After scouring the Internet for the better part of the morning, I couldn’t find an actual formula or algorithm (public anyway) that allows you to do the calculation on your own. I did find this “definition (source article linked)” of metabolic age from Patch.com (and it was corroborated by a couple other sites) – “Metabolic age is a comparison between a person’s basal metabolic rate (BMR) against the average BMR for an age. (Patch.com)”.

Okay – so that means if I calculate my personal BMR, and compare it against the average BMR for my age group, I’ll know how I stand. In other words, if my BMR says that I have the same metabolism as a 32 year old, then I’m metabolically 32, even though I’m biologically 38. Conversely, if the comparison says my metabolic rate is the same as a 44 year old, and I’m only biologically 38, then I’m metabolically older than I am biologically.

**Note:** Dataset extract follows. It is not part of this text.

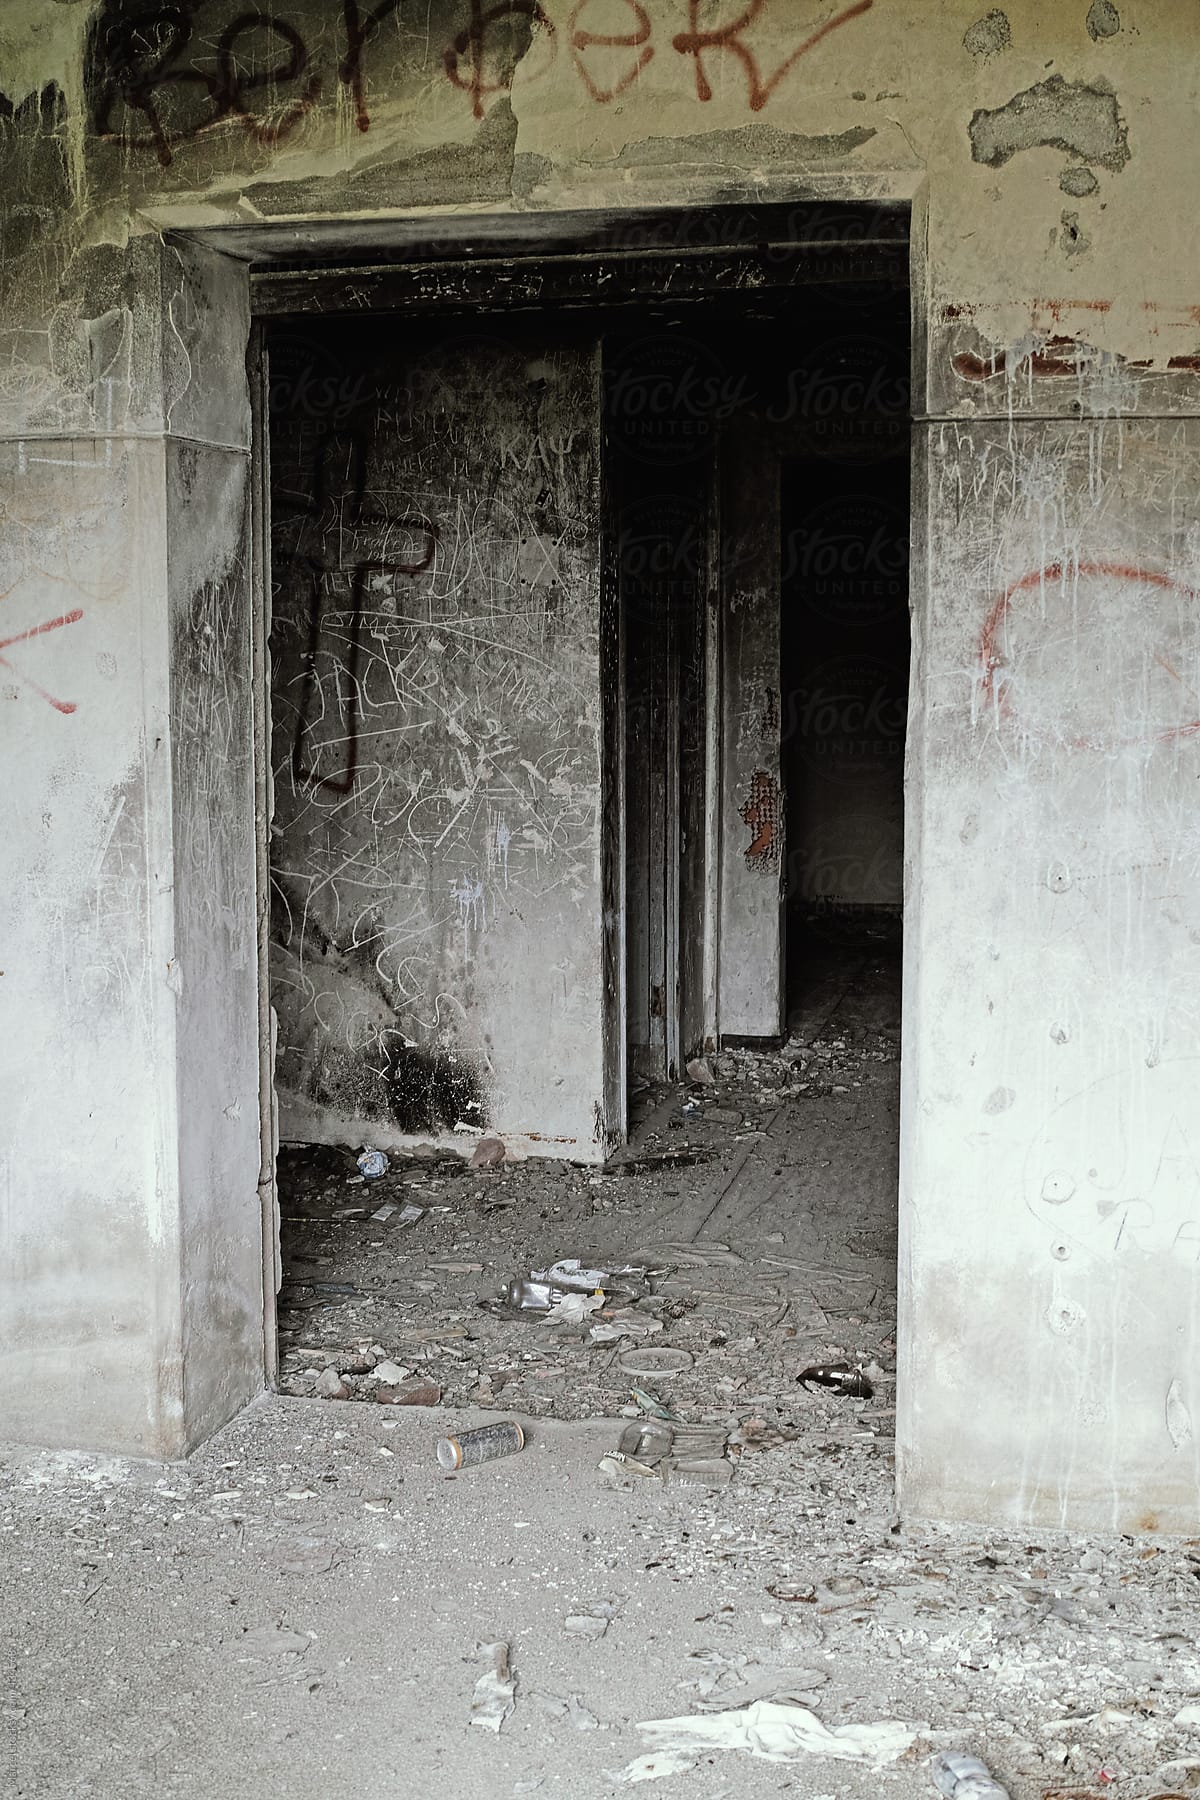 Inside a dirty old WW2 bunker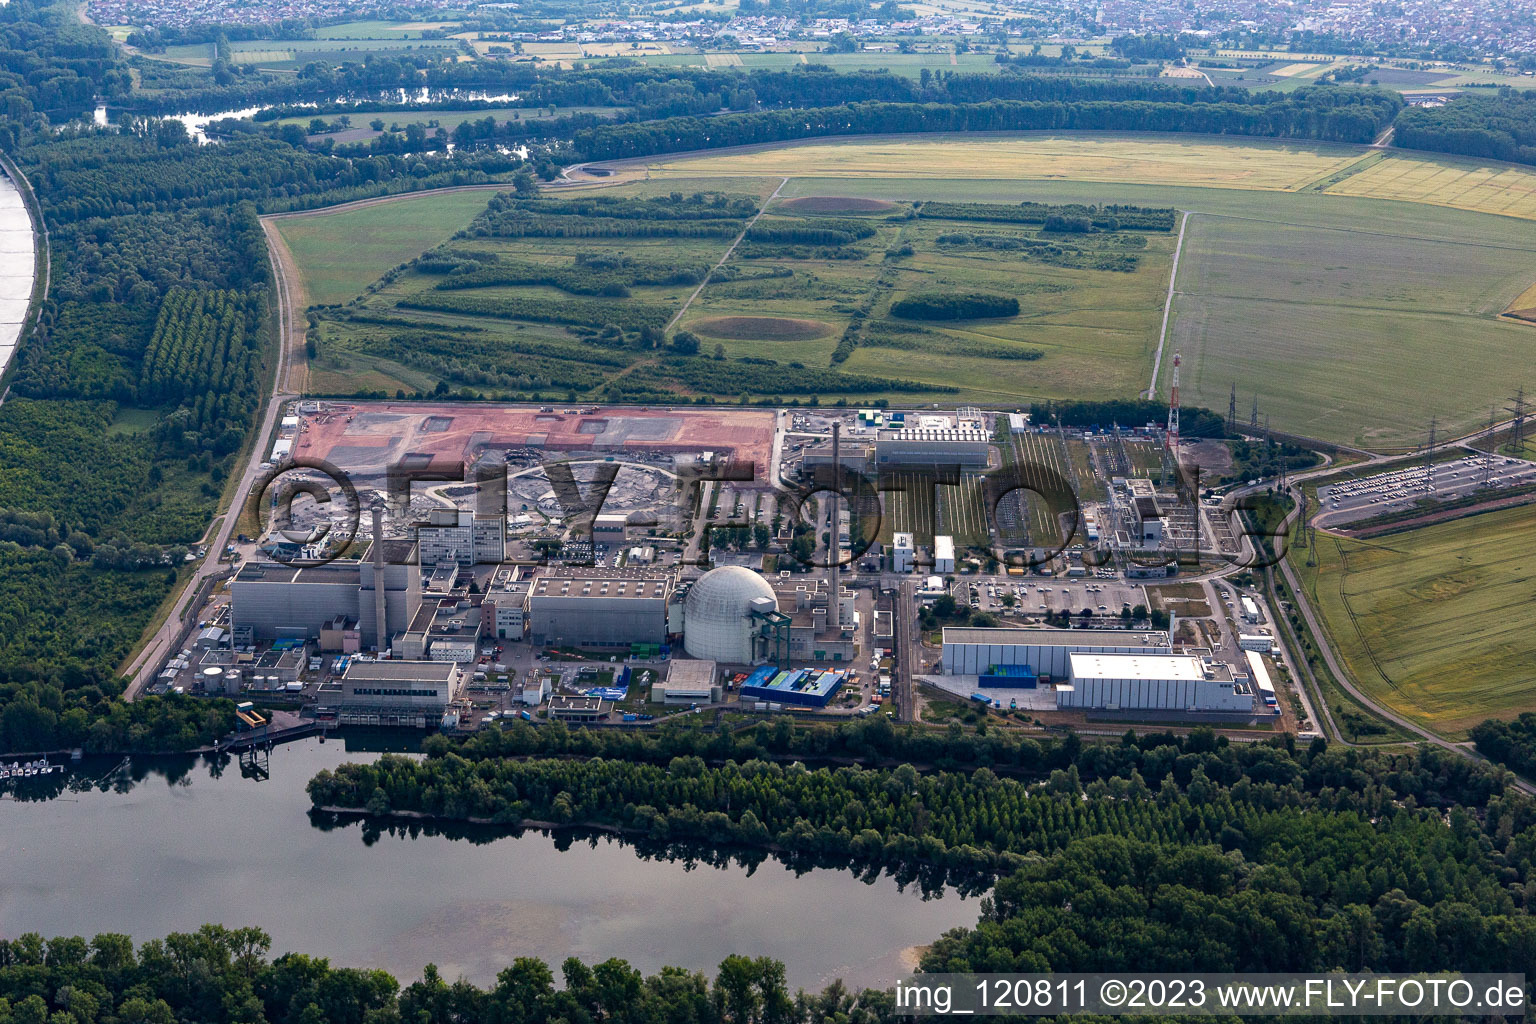 Vue aérienne de Vestiges des blocs réacteurs et installations déclassés de la centrale nucléaire - NPP Kernkraft EnBW Kernkraft GmbH, centrale nucléaire Philippsburg et décombres des deux tours de refroidissement à Philippsburg dans le département Bade-Wurtemberg, Allemagne

I guess the conclusion to draw is – if you are metabolically younger than your biological age, it’s a good thing. Easy enough – I’ll just make myself metabolically younger. Hold on – not so fast.

But what does that all actually mean, and is it useful, actionable data? If the bedrock of this analysis is the BMR, I’d say NO for three reasons.

First, the generally used formula for computing a person’s BMR is the Harris-Benedict formula. The formula is…

  • Women = 655 + (4.35 x weight in lbs) + (4.7 x height in inches) – (4.7 x age in years)
  • Men = 66 + (6.23 x weight in lbs) + (12.7 x height in inches) – (6.8 x age in years)

My problem with using this number to draw a conclusion about overall health is the fact that the only controllable variable in the equation for a person is their weight. As I’ve stated in other posts, weight can be a very false idol for evaluating your health. It is very possible to have a large amount of muscle, low to medium body fat, and be considered overweight according to the BMI (body mass index – ratio of weight to height) scale. My own BMI runs around 27.2. That puts me in the high/overweight category. But, with a body fat % between 10% and 15% (depending on the measuring tool used), I’m certainly not overweight. My point is that body weight alone isn’t a good metric to determine if you need to make a change. Body weight itself is a number based on a bunch of different variables – muscle/bone mass, water retention, and body fat to name a few. People at the extreme ends of the spectrum can probably make a blanket assumption about their condition (needing to gain weight or lose weight). But, the people in the middle really need to understand what numbers are driving their body weight. If a person has relatively low body fat and moderate to high muscle mass, there is probably no reason for them to try and lose weight, no matter what the scale tells them.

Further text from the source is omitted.